• ABOUT THIS TASK
Line filter on the word "acrylic": copy each matching line from the entries.

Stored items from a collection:

┌──

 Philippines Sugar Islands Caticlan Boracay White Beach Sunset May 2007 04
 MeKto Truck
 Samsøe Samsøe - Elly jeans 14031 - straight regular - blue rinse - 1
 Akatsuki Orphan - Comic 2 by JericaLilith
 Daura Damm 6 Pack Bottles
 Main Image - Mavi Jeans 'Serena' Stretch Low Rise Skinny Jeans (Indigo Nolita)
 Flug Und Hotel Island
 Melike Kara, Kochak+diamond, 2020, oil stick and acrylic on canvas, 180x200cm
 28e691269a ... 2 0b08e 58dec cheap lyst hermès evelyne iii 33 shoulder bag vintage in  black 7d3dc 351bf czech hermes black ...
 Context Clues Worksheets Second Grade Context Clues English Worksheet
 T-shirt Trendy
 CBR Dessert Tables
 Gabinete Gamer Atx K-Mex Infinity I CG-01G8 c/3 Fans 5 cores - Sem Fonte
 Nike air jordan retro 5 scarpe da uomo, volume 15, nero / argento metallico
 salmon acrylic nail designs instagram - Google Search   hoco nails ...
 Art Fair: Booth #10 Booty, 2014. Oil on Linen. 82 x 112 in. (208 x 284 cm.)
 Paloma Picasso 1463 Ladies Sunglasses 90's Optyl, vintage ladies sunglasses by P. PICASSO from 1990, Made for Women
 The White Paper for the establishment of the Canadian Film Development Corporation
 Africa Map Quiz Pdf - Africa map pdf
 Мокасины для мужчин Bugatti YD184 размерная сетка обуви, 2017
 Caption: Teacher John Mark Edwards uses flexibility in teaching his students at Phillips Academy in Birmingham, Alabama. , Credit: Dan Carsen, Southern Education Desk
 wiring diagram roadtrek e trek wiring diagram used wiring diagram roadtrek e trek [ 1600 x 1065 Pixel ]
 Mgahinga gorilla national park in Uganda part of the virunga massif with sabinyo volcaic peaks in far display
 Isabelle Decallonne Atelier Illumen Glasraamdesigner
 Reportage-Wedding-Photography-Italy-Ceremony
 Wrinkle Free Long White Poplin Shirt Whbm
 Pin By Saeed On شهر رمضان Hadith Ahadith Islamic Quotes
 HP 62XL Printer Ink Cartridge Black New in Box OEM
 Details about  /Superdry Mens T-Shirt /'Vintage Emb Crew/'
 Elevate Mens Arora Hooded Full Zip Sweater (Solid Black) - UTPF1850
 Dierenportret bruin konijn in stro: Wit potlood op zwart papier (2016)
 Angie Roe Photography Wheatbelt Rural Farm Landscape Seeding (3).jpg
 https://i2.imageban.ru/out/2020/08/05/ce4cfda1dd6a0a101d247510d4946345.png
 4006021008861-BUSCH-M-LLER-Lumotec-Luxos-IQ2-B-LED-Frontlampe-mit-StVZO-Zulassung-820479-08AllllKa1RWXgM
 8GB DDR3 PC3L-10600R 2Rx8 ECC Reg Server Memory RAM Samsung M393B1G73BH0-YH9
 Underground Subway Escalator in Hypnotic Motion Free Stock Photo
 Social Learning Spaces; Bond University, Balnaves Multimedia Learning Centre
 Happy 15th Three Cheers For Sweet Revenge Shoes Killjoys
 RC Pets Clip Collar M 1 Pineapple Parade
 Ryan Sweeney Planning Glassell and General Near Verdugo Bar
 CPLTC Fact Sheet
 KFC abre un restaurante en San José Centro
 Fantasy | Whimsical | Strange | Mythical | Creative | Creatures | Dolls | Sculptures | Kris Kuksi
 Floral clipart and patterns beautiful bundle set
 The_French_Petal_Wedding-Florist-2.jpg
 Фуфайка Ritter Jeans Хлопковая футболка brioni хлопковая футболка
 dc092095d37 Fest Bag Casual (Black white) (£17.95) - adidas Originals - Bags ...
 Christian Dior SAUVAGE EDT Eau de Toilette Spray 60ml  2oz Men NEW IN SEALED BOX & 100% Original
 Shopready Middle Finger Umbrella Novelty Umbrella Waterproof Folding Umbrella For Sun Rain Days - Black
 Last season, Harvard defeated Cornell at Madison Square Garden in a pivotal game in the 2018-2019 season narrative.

└──

• YOUR RESPONSE
 Melike Kara, Kochak+diamond, 2020, oil stick and acrylic on canvas, 180x200cm
 salmon acrylic nail designs instagram - Google Search   hoco nails ...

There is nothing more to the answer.